About the job
At Crusoe, we are dedicated to accelerating the abundance of energy and intelligence. Our innovative solutions are designed to empower a world where ambitious AI creations thrive, seamlessly merging scale, speed, and sustainability.
Join us in the AI revolution by leveraging sustainable technology at Crusoe. Here, you will spearhead significant innovations, make a real difference, and collaborate with a team that is leading the charge in responsible and transformative cloud infrastructure.
About This Role:
We seek a dynamic Engineering Manager to guide our Managed Services and Production Engineering team. In this role, you will balance your efforts between enhancing reliability and managing a team of Site Reliability Engineers (SREs) focused on Crusoe's AI-managed and service offerings. You will take responsibility for the production health of services provided to enterprise clients, including Managed Kubernetes, Managed Inference, and AutoClusters, while collaborating closely with embedded engineering teams to elevate operational excellence, automation, and customer satisfaction.

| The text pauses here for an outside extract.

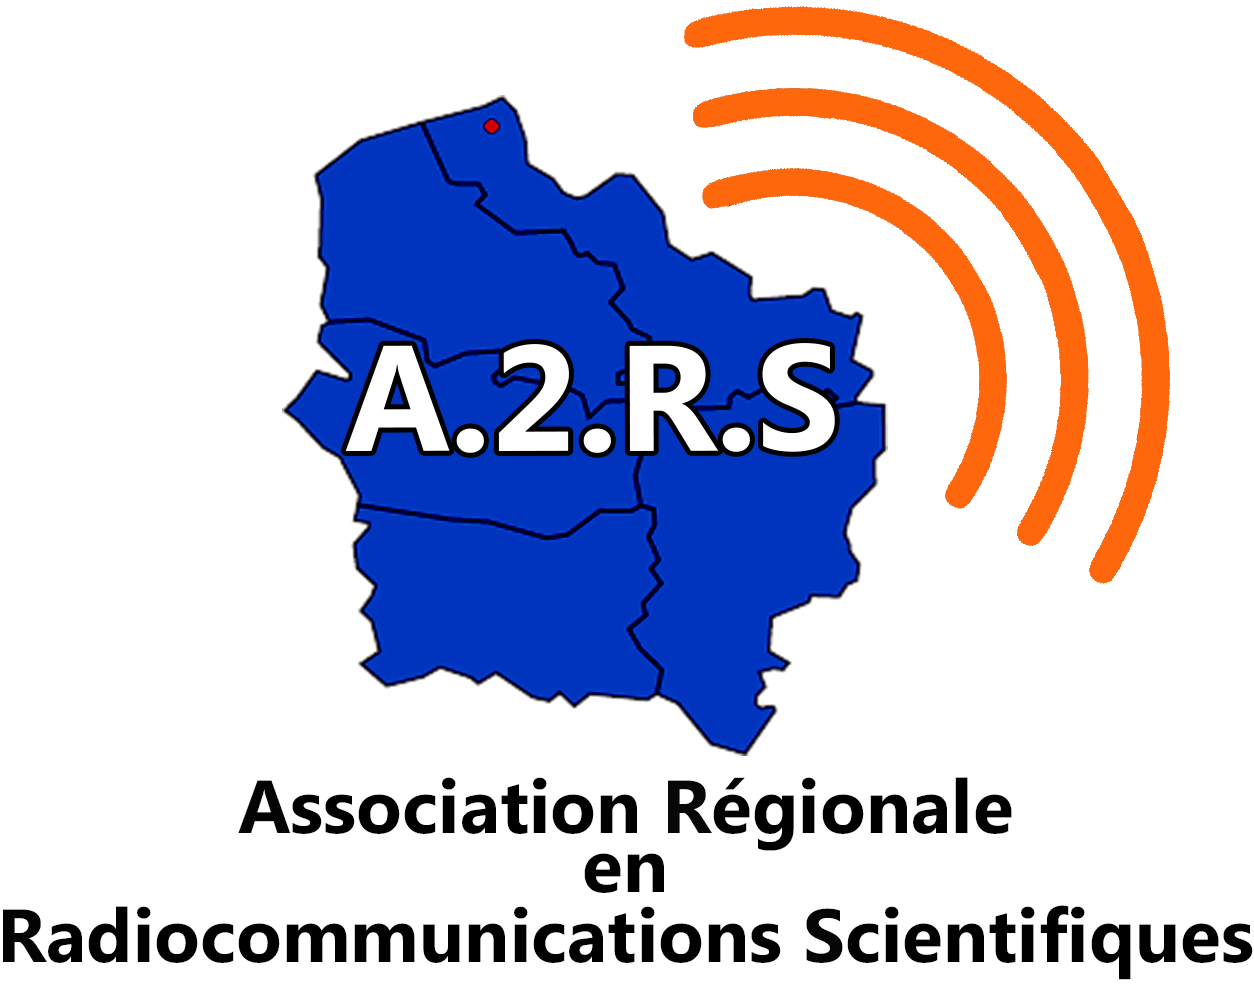 ASSOCIATION REGIONALE EN RADIOCOMMUNICATIONS SCIENTIFIQUES

What You'll Be Working On:
Leading and developing a team of SREs within Crusoe's Managed AI and Managed Services sectors, establishing technical direction and nurturing a culture of ownership and continuous enhancement.

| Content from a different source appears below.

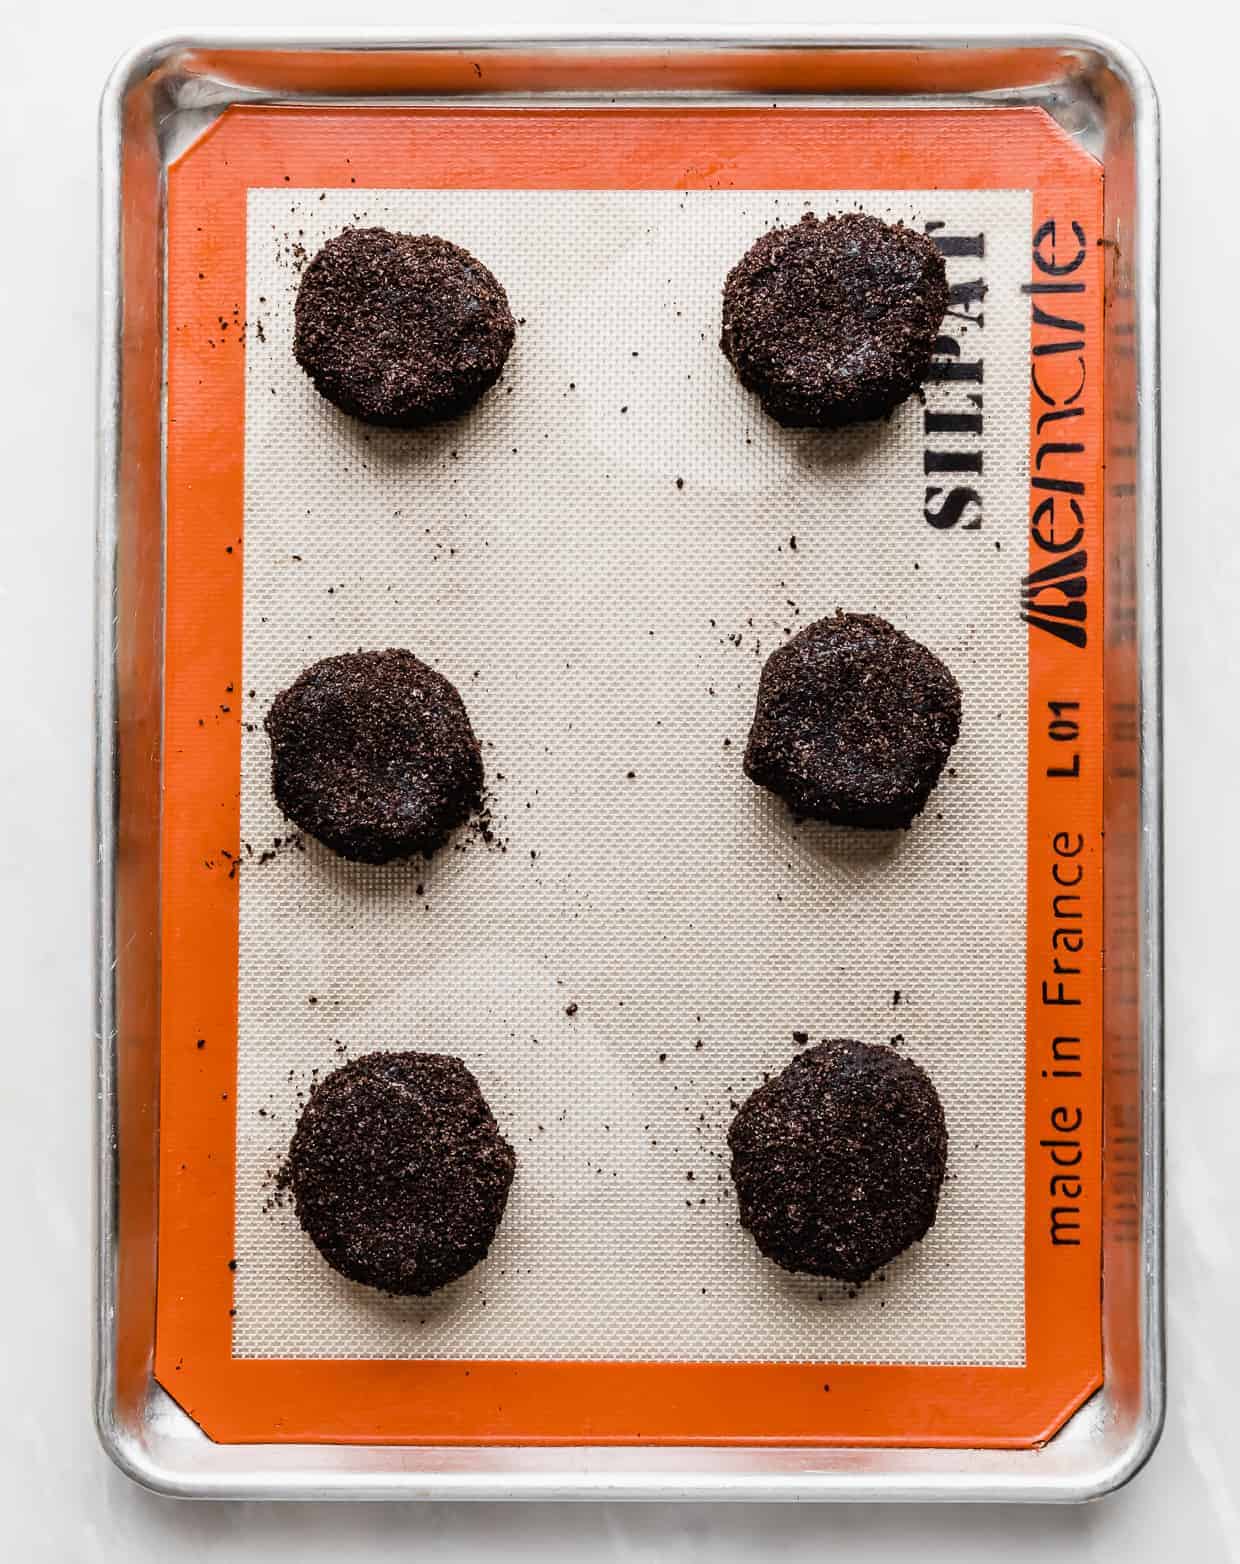 Six Crumbl Chocolate Oreo Cookie dough balls on a baking sheet.

Contributing as an individual contributor—reviewing code, creating tools, and promoting automation to minimize manual work and increase the reliability and scalability of managed services.

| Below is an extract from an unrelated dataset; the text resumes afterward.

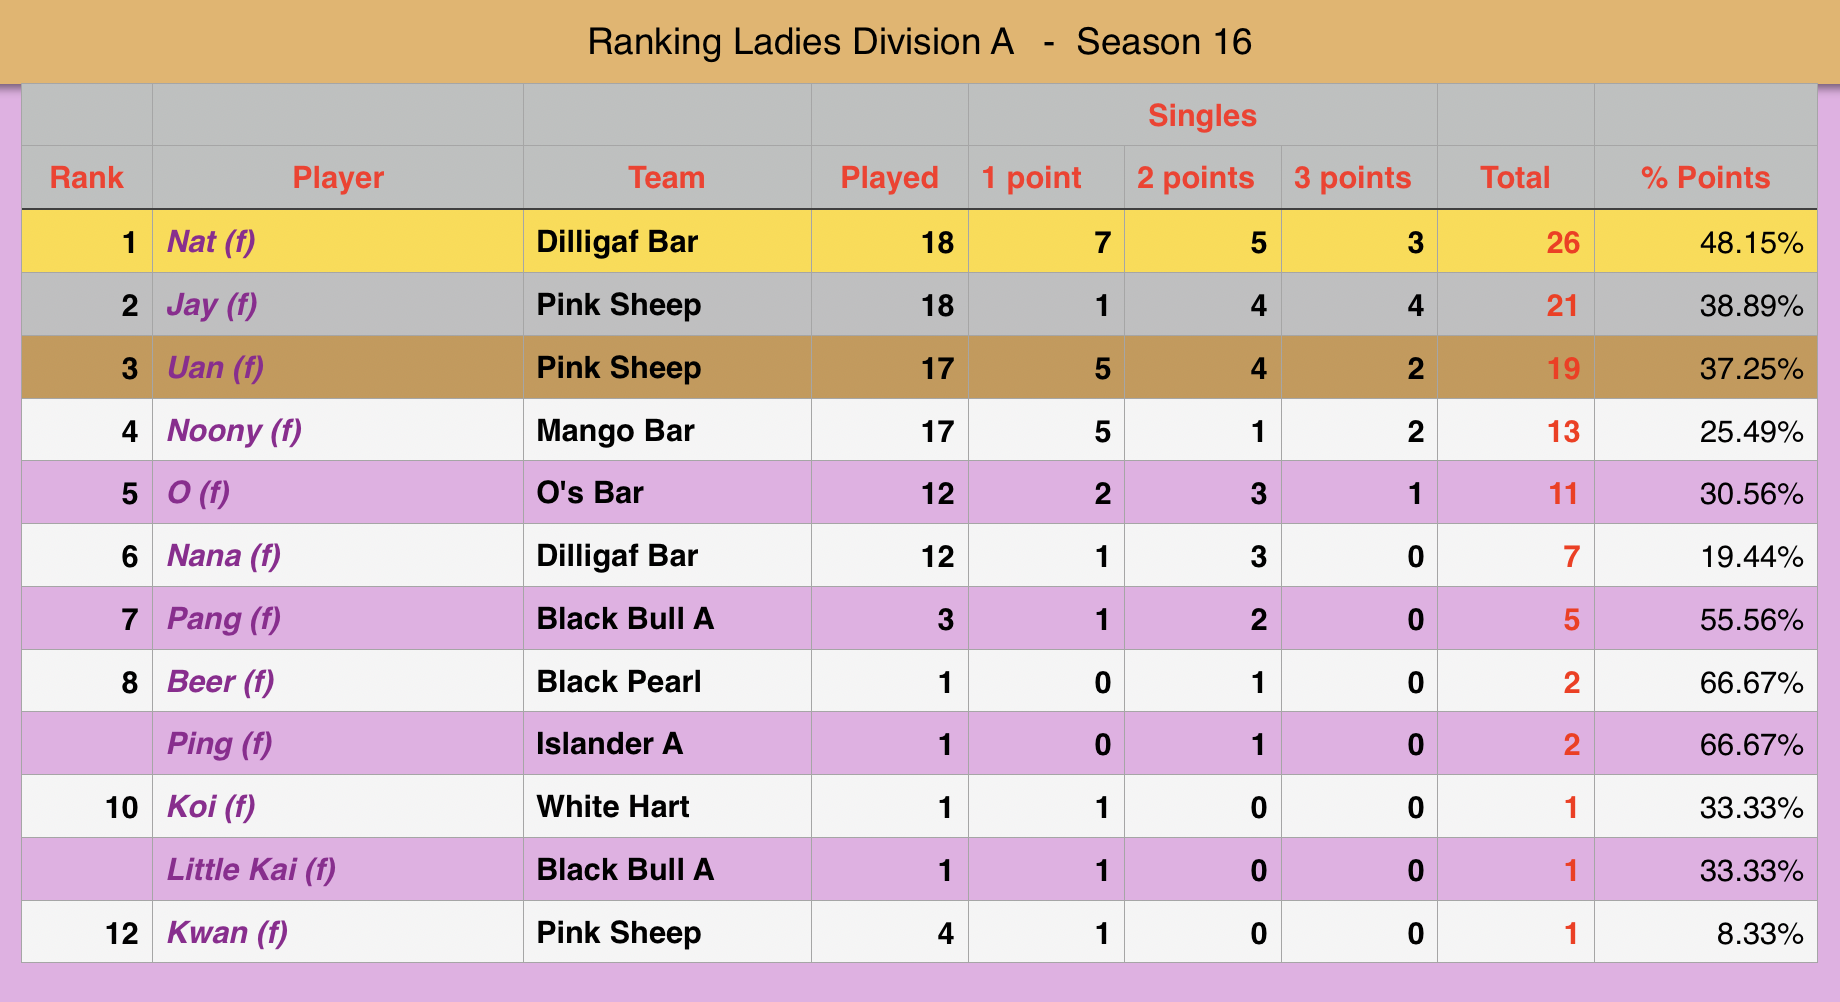 Rawai Pool League individual Rankings

Taking charge of SLA/SLO performance, incident response, and on-call health for managed services; conducting blameless post-mortems and driving systemic remediation efforts.
Collaborating with product and platform engineering teams to influence infrastructure design, observability strategies, and operational readiness for both new and existing managed services.
Establishing and monitoring reliability, performance, and operational maturity metrics across the team; converting data into prioritized roadmap investments.
Acting as a technical escalation point for high-severity production incidents impacting enterprise customers, and coordinating with Cloud Support and Customer Success teams to ensure effective resolution and communication.
What You'll Bring to the Team:
Over 5 years of experience in software or infrastructure engineering, with a minimum of 1–2 years in an engineering management or technical lead position.
Proven track record in leading teams and driving technical initiatives.